Background & Motivation

Background: RL-based LLM Agent training (e.g., GRPO, GiGPO) shows prominent performance in long-horizon tasks. The core idea is to group multiple steps from the same rollout into a single group and estimate the advantage using relative signals within the group.

Limitations of Prior Work: In long-horizon tasks, although different steps of the same rollout originate from the same episode, their historical contexts may be entirely different (e.g., step 3 and step 10 face different combinations of environment states). Mixing steps with inconsistent contexts to calculate the advantage introduces systematic bias.

Key Challenge: Step-level advantage estimation is unbiased but high-variance; group-level estimation is low-variance but biased. How can the optimal balance be found between the two?

Goal: Design a hierarchical advantage estimation method that constructs nested group structures based on historical context consistency to achieve controllable bias-variance trade-offs.

Key Insight: Define a k-step context operator \(\mathcal{C}_k\) and construct nested groups \(G_0^H \supseteq G_1^H \supseteq \cdots \supseteq G_K^H\) based on shared history from 0 to K steps.

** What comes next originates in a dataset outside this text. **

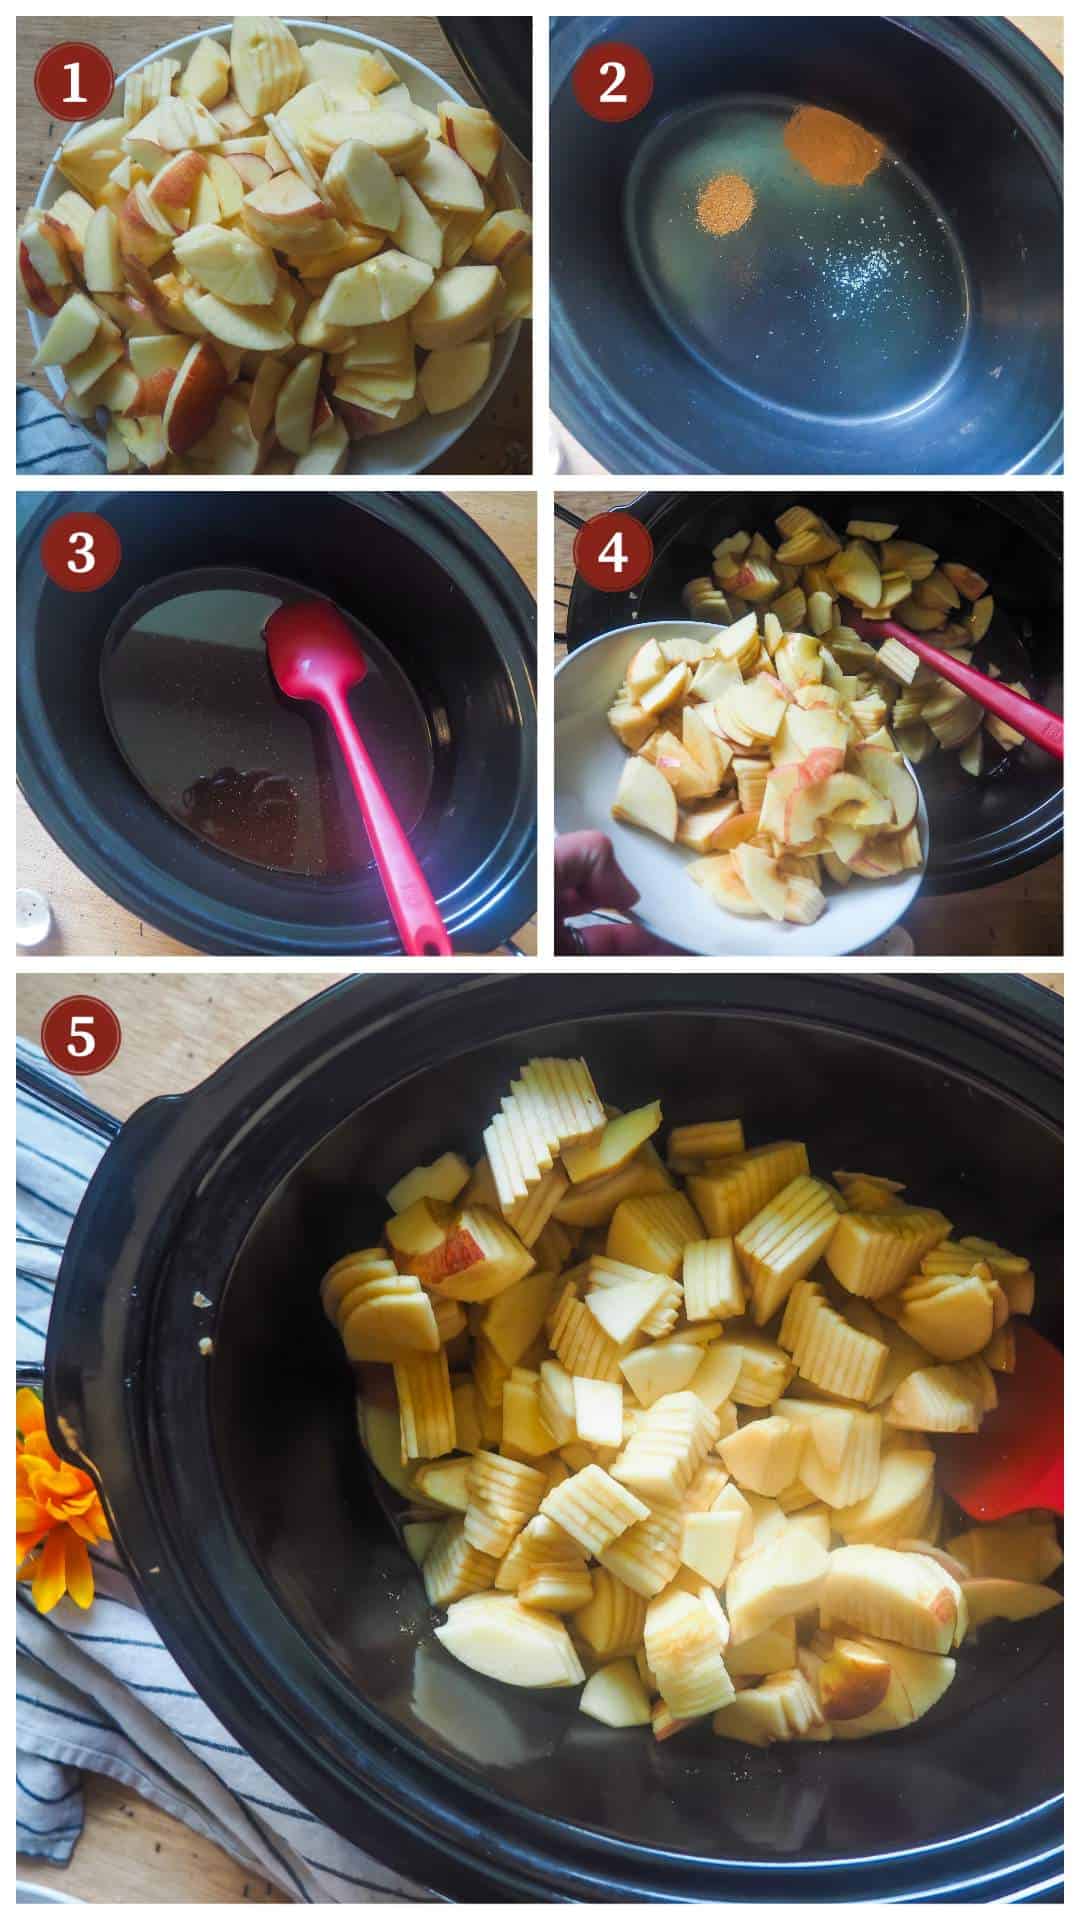 a collage of images showing how to make apple butter, steps 1 - 5.

Core Idea: Groups with more consistent contexts provide more accurate advantage estimations (lower bias) and should be assigned higher weights.

Method

Overall Architecture

HGPO aims to address an ignored source of bias in group-based RL: different steps of the same rollout are forced into one group to calculate relative advantage, even though their historical contexts may differ significantly, introducing bias into the mean baseline. The approach inserts a hierarchical advantage estimation module into the standard GRPO/GiGPO pipeline. After obtaining all steps of a rollout, it first segments them into multi-layer nested groups from coarse to fine based on historical context consistency. An advantage is calculated for each layer, and these estimates are aggregated into a final value using adaptive weights that increase with the hierarchy level. Finally, this advantage is fed back into the original policy update. The entire pipeline does not introduce any additional models, extra rollouts, or forward passes. Grouping and searching are completed via an offline hashmap, resulting in only about 0.5 seconds of extra time per iteration (less than 0.001% of total training time). Furthermore, it only modifies "how the advantage is calculated" without changing rollouts or models, making it plug-and-play for any group-based method such as GRPO, GiGPO, or DAPO.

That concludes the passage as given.